О слов безудержная нежность,

неизречённость бытия!

Несбыточность и неизбежность.

А между ними — жизнь моя.

***

Отвергаю бремя грядок и зарядок,

буду спать и видеть розовые сны.

Отвергаю ненавистный распорядок -

его рамки мне и пресны, и тесны.

Здравствуй, утро! Я стою в оконной раме.

Вот программа моего житья-бытья:

ежедневно исключать себя из правил

и выламывать из рамок бытия!

***

...Как пудрила носик зубным порошком

и мазала губы вареньем,

в трамвае, робея, сидела тишком,

завидуя полным коленям,

стесняясь своих угловатых ключиц,

короткого детского платья,

мечтая, когда же мне явится принц,

и я ему брошусь в объятья.

Как мы говорили бы с ним до зари,

в глаза бы другу другу глядели...

Когда же я вырасту, чёрт побери,

и стану красавицей в теле?..

Теперь же в трамвае, устало кренясь,

теснима другим поколеньем,

невольную чувствую я неприязнь

к их острым локтям и коленям.

О, стройные ноги от самых бровей!

К груди прижимаю покупки

и, тихо вздыхая, стесняюсь своей

вдруг ставшею тесною юбки...

Звонок себе в 20 век

Я звоню ей по старому номеру в вымерший век

(убираясь, нашла в телефонной заброшенной книжке).

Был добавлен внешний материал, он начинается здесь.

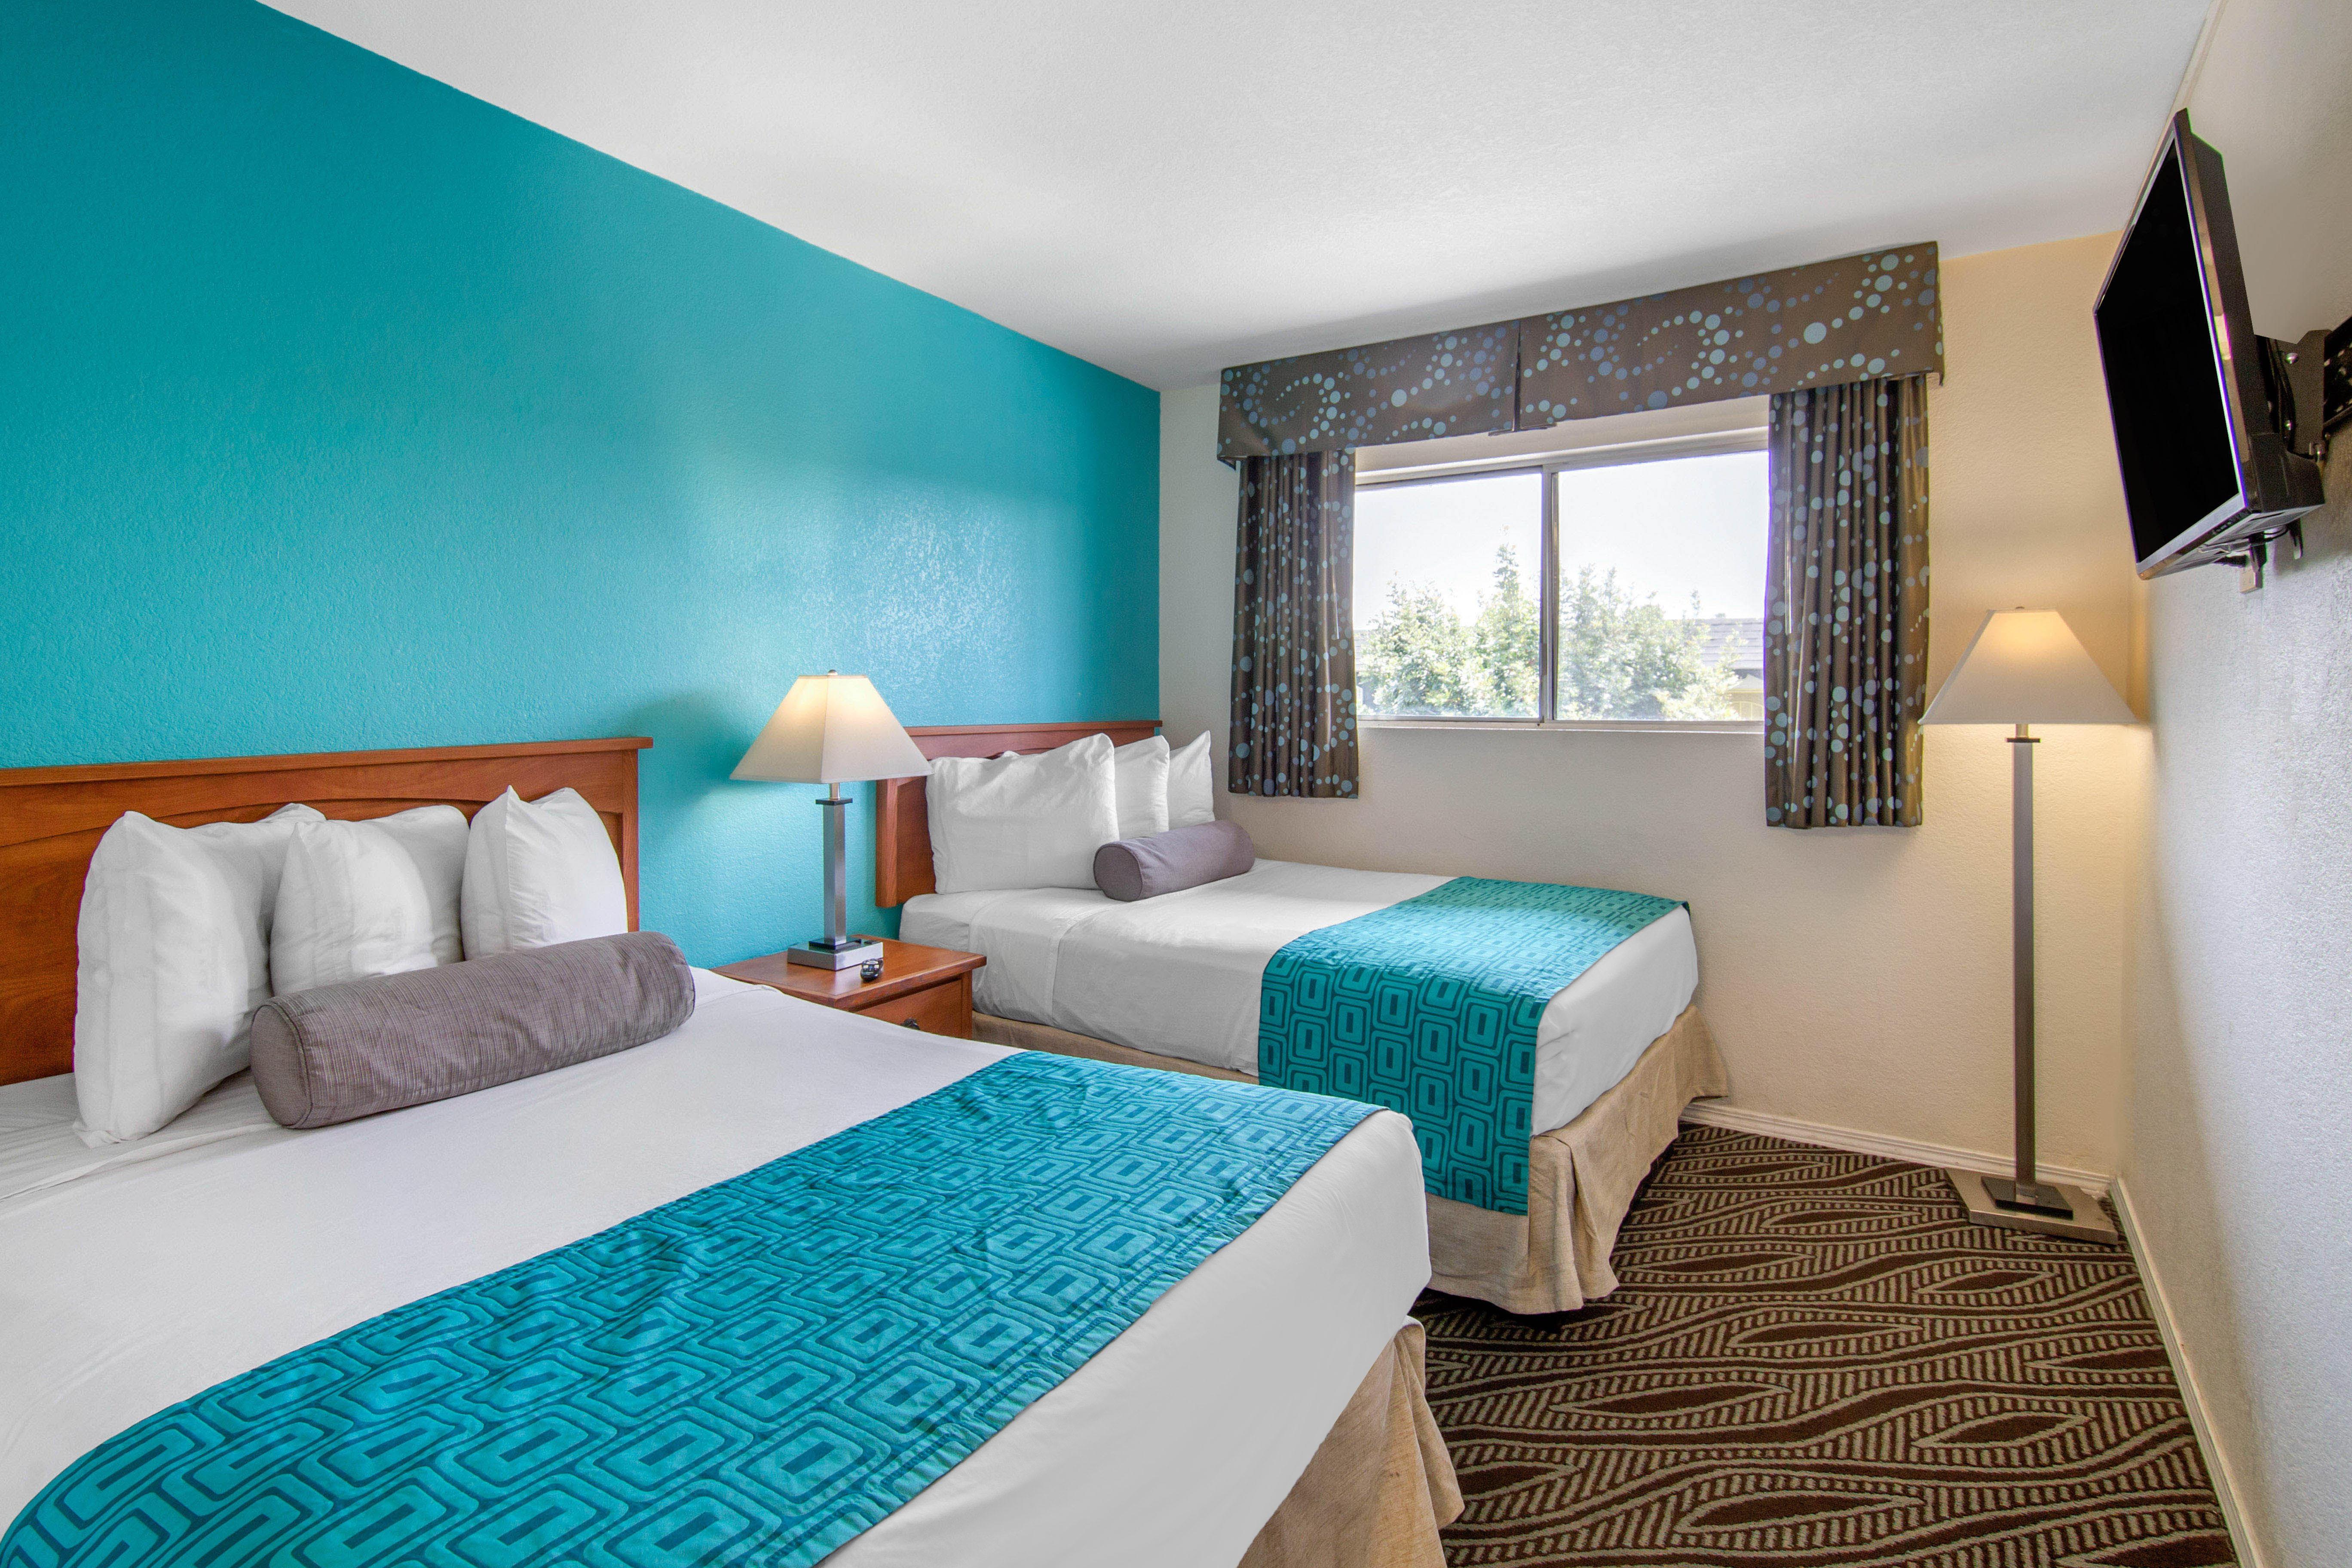 Howard Johnson by Wyndham Chula Vista San Diego Suite Hotel image 9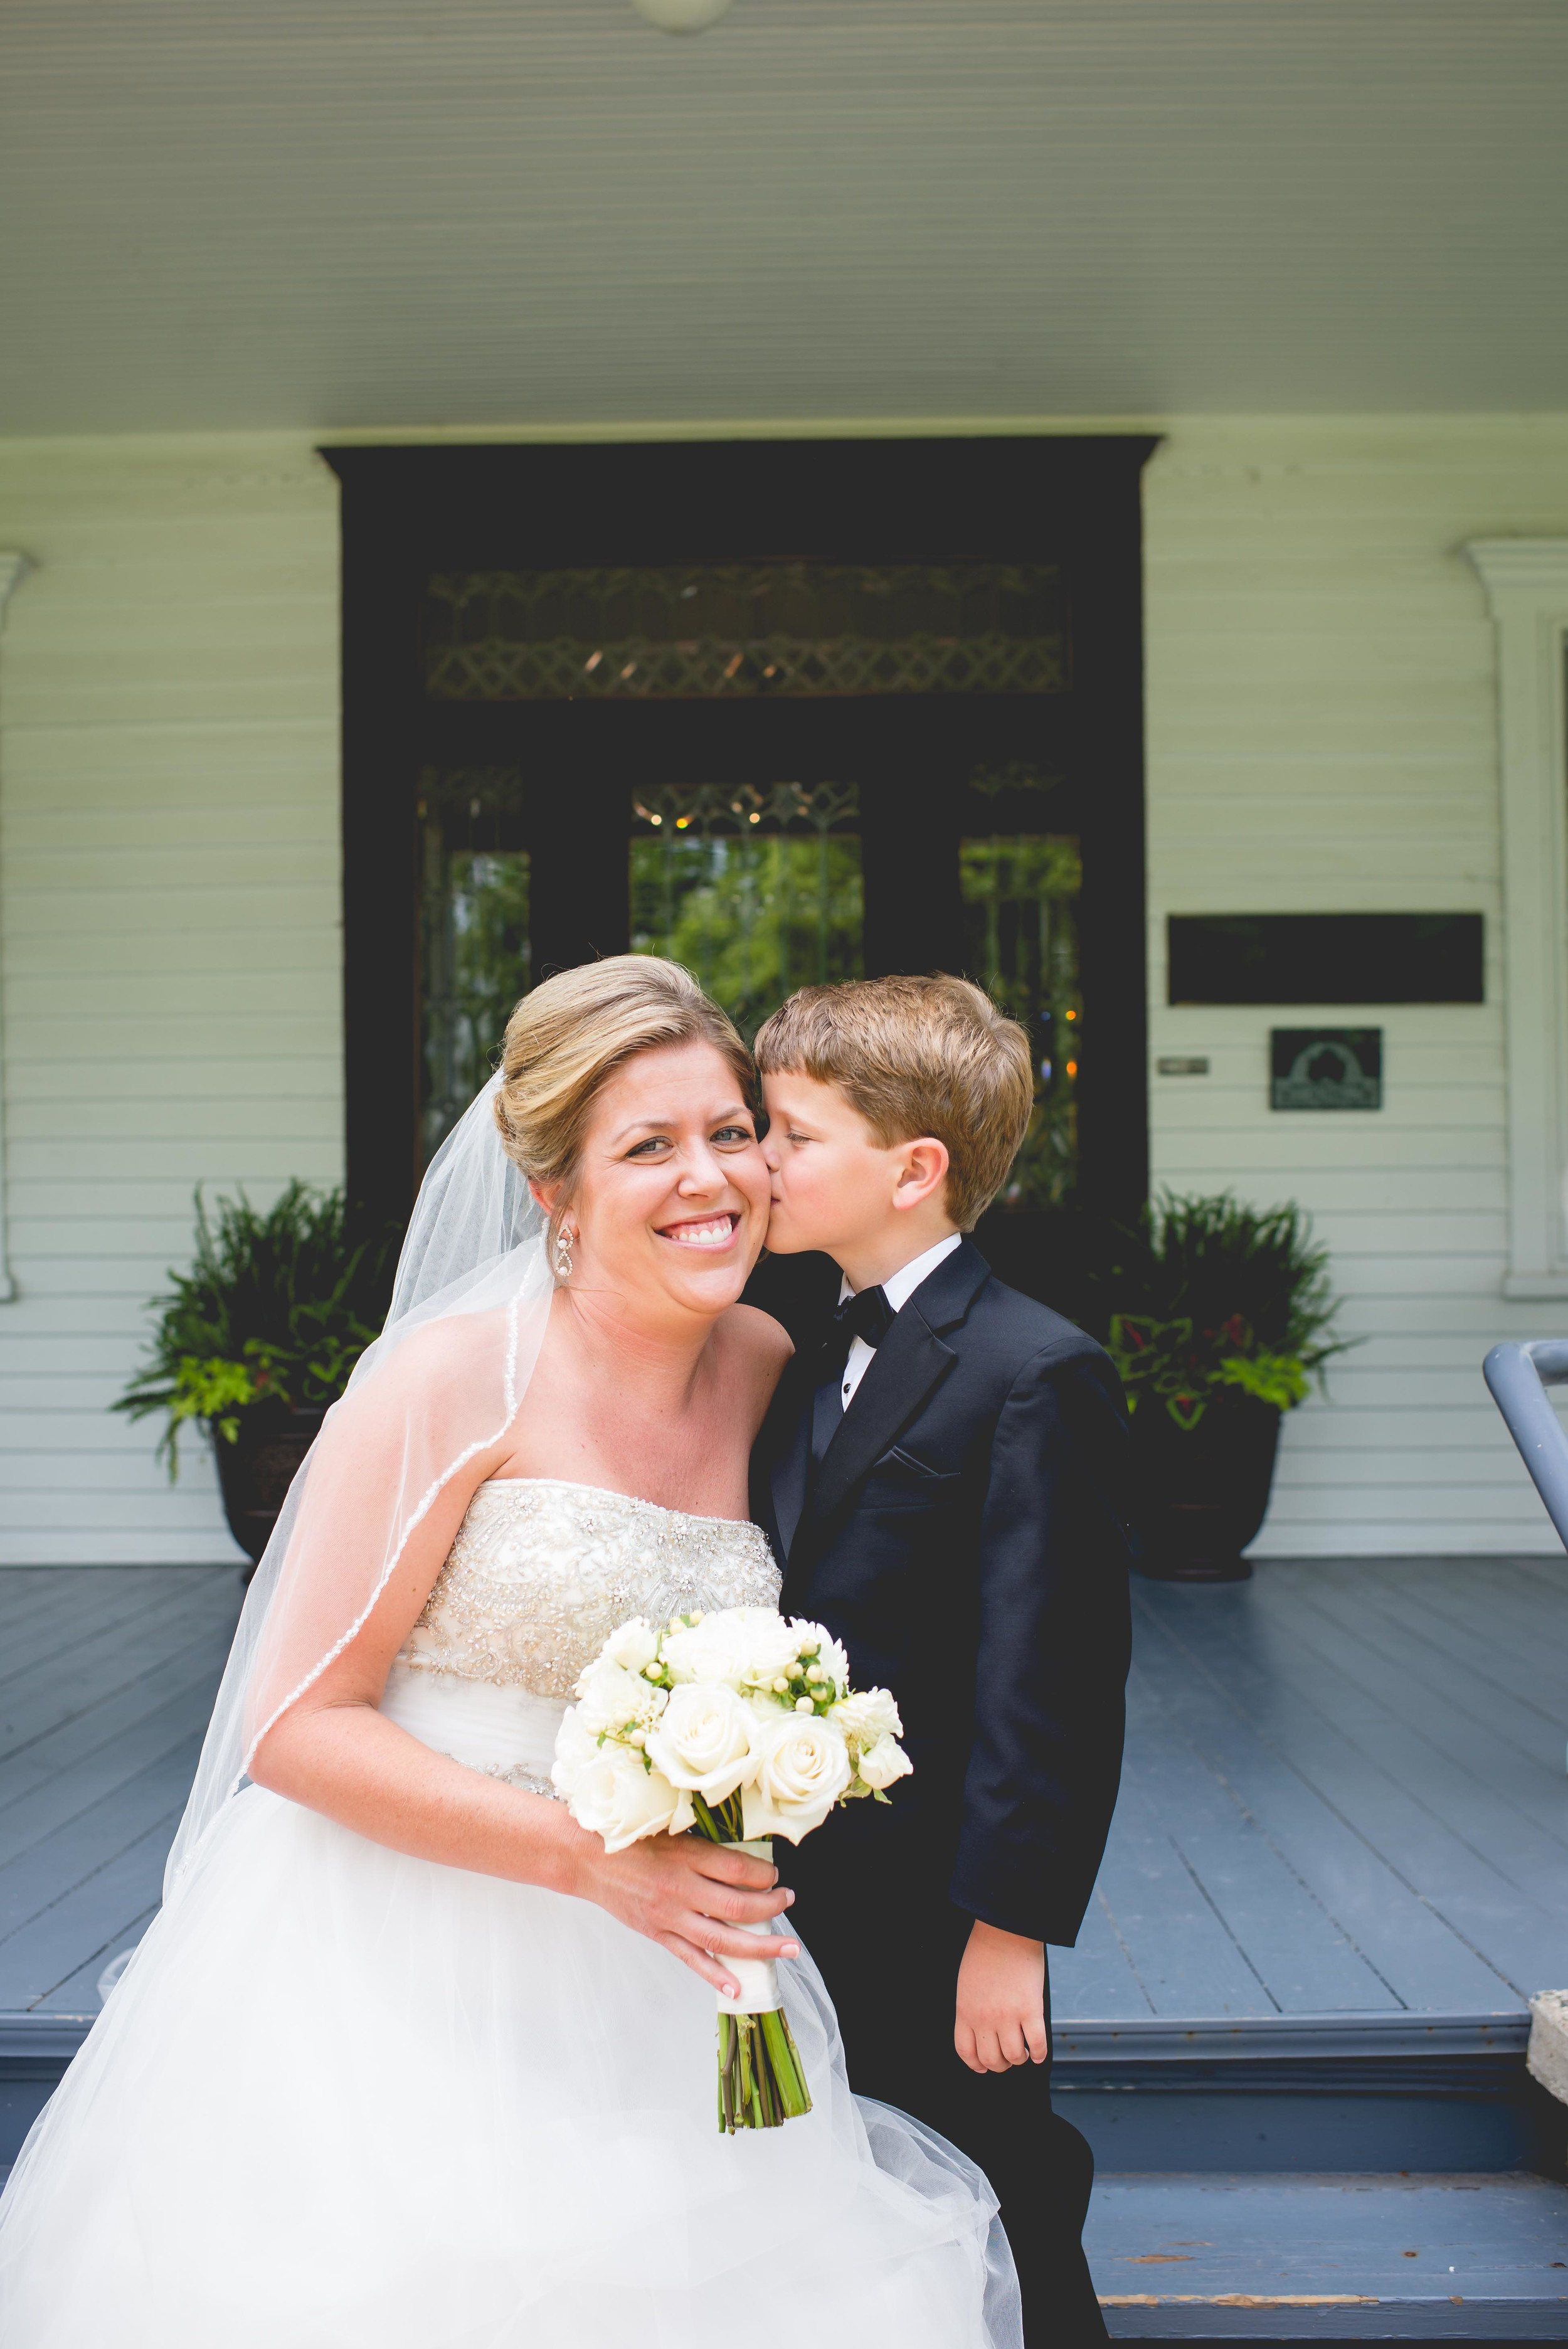 sarasutterphotography_leeandshalon_wedding_2015-151.jpg

И встаёт, проступая сквозь темень зажмуренных век,

всё, что было со мной, отсечённое жизнью в излишки.

Ни работы-семьи, не волшебник, а только учусь...

Неумеха, оторва, влюблённая девочка, где ж ты?

Ненадолго себя покидая, в тебя отлучусь -

подышать свежим воздухом детства и глупой надежды.

В этом городе юном, где нету снесённых домов,

а все улочки прежних названий ещё не сменили,

всё свершалось бездумно по воле нездешних умов -

по какой-то волшебной нелепой всевидящей силе.

Непричёсаны мысли, расхристанны чувства и сны.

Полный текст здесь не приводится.